5 Flexible Jobs for Retired Seniors

January 27, 2021

5 Flexible Jobs for Retired Seniors

Some seniors look forward to putting their feet up and relaxing once they retire. But after spending decades working and moving forward in your career path, having an empty schedule all day can start to feel a bit boring. Even seniors with comfortable nest eggs often pick up part-time jobs or freelance work to stay busy and earn a little extra cash on the side.

Retirees who are feeling restless have plenty of options. Zemplee offers some insight into a handful of flexible jobs that allow seniors to work on their own terms and stay productive.

Selling Insurance

Working part-time in insurance sales can be a convenient, profitable job for retired seniors, especially if you have a background in sales. It’s a relatively simple gig, and Chron points out that you can work from the comfort of your home and choose your own hours. Plus, you will probably have some friends and loved ones who would be interested in purchasing insurance from you, so you’ll have no trouble finding your first customers.

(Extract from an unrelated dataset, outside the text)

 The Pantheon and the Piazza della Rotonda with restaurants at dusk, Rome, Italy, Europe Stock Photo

To educate yourself on potential products, do some research on life insurance policies ideal for retirees first. This will give you a feel for what you might be promoting to those you’re close to, and help determine how comfortable you would be in this role. Next, check out reviews on helpful career sites like Indeed to find out which life insurance companies might be a good professional fit for you.

Substitute Teaching

Even if you do not have a teaching degree, you can still earn the right qualifications to become a substitute teacher. If you enjoy working with kids and you feel passionate about education, look into the certifications and training you’ll need according to your state’s laws. As a substitute, you’ll connect with local school districts and accept shifts when you prefer to work. Many retired seniors find being around young people refreshing, and it’s a chance to share your knowledge and experience while shaping young lives.

Rideshare Driving

Want to meet new people, spend more time out and about in your community, and make more money while you’re at it? Consider becoming a rideshare driver. About twenty-three percent of Uber drivers are 50 and older. You just need to ensure that you meet the qualifications for the rideshare company of your choice, and then you can get behind the wheel and start picking up passengers! You can even record your mileage to get a nice tax deduction.

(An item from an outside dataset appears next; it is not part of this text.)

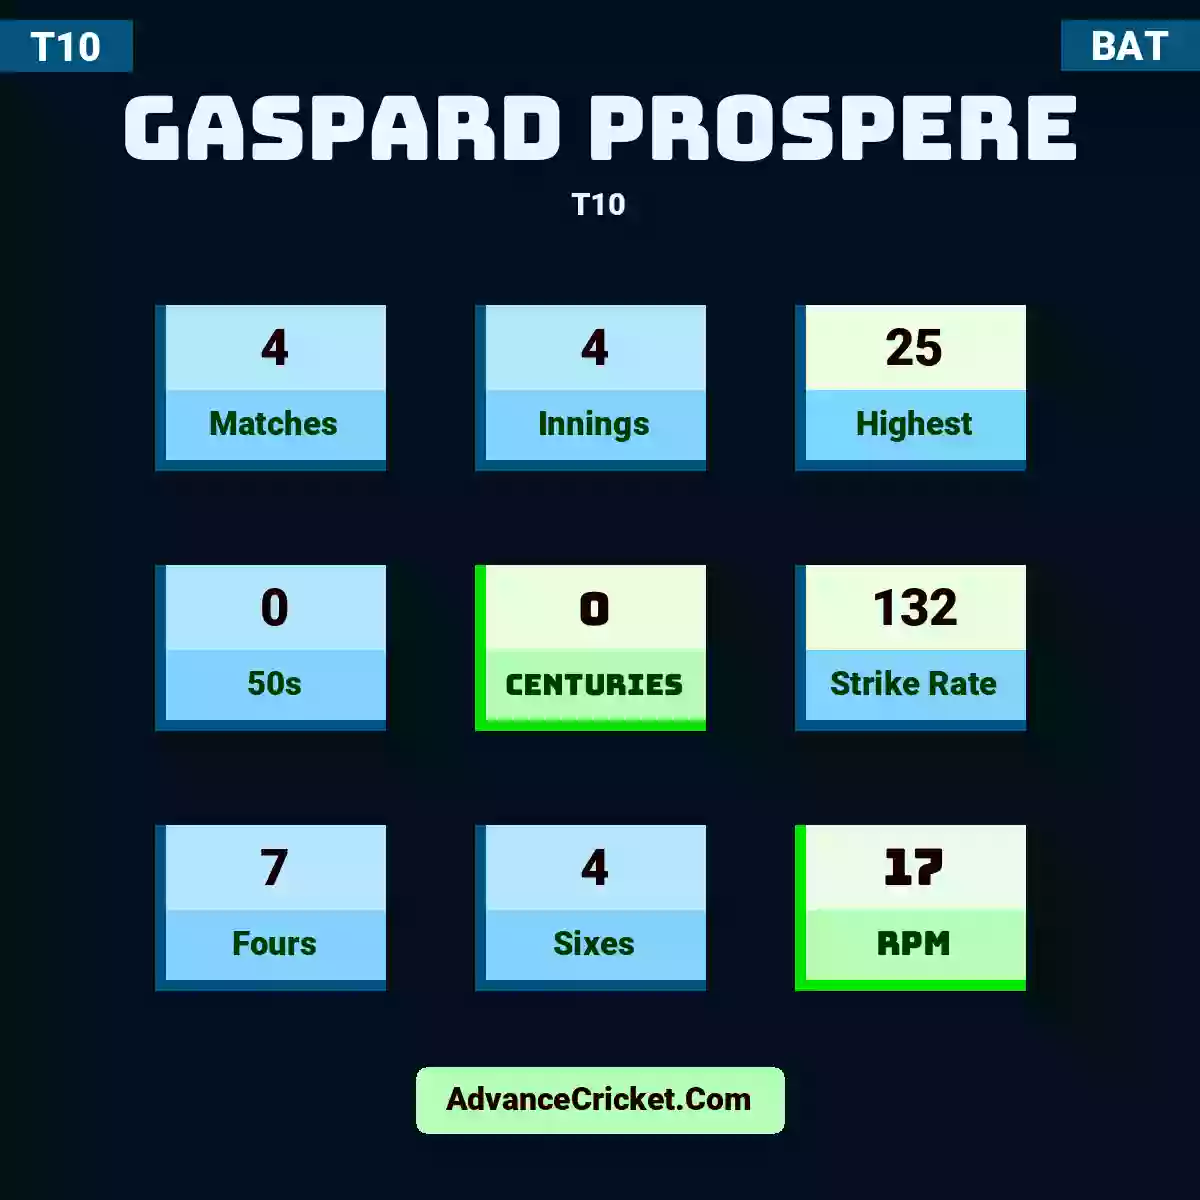 Gaspard Prospere T10 , Gaspard Prospere played 4 matches, scored 25 runs as highest, 0 half-centuries, and 0 centuries, with a strike rate of 132. G.Prospere hit 7 fours and 4 sixes, with an RPM of 17.

No matter what field you worked in before you retired, Entrepreneur explains you could probably offer consulting services on a freelance basis. As an independent consultant, you will enjoy control over your workload, schedule, and which clients you take on. The only reputation you need to worry about is your own, and companies in every industry pay consultants for their expert insight and assistance. With decades of experience behind you, you’re ready for the job.

Dog Walking and Pet Sitting

Getting out and about might be a major draw for you, especially if you were cooped up in an office environment for decades. However, you might not want to be subject to commuter traffic or late calls for pickups. And while some people thrive on the roadway, others cringe at the prospect.

If fresh air, sunshine, and wagging tails sound more fun to you, dog walking might be a great fit. As a dog walker, you can take on clients according to your own schedule preferences, and you’ll get to spend your “workday” playing with adorable dogs—it’s the perfect part-time gig for animal lovers who like to stay active. Caring for a dog or pet can promote health and social benefits like increased heart health or reduced anxiety. 

Pet Backer notes you could also offer pet sitting services in your home. First, do some cleaning and pet-proofing your home before taking on any clients, ensuring there’s nothing lying around that a dog or cat might damage or ingest. Need tips for pet-proofing your house? Zemplee recommends this guide to keeping your animals safe at home. 

Start a Business

Even if you know that you want to work in retirement, you may not like the idea of giving a boss control over your schedule and workload. But if you set up your own small business, whether that’s consulting, dog walking or something else, you’ll be the one calling the shots!

For seniors running a small business, protecting their personal assets is key, so you may want to think about registering your business as an LLC. This structure will also grant you special tax breaks and limited liability. The rules for this process are somewhat different depending on which state you live in, so familiarize yourself with your local regulations.

In Conclusion

Today, plenty of retired seniors continue to work outside of traditional offices—not because they have to, but because they genuinely want to. Working part-time can help you stay active, make new friends, and bring in more disposable income. Find a job that suits your interests, and enjoy the many benefits working in retirement offers.

When you’re looking for a post-retirement position, there are plenty of options available. Whether you want to sell the promise of a financially stable future, use your expertise to lift up today’s professionals, or teach tomorrow’s leaders, there are an array of positions that are perfect for your experience. And when you want to change gears completely, gig-based work, such as pet sitting and rideshare driving, is an excellent opportunity to earn an income, keep yourself active, and maintain a flexible schedule.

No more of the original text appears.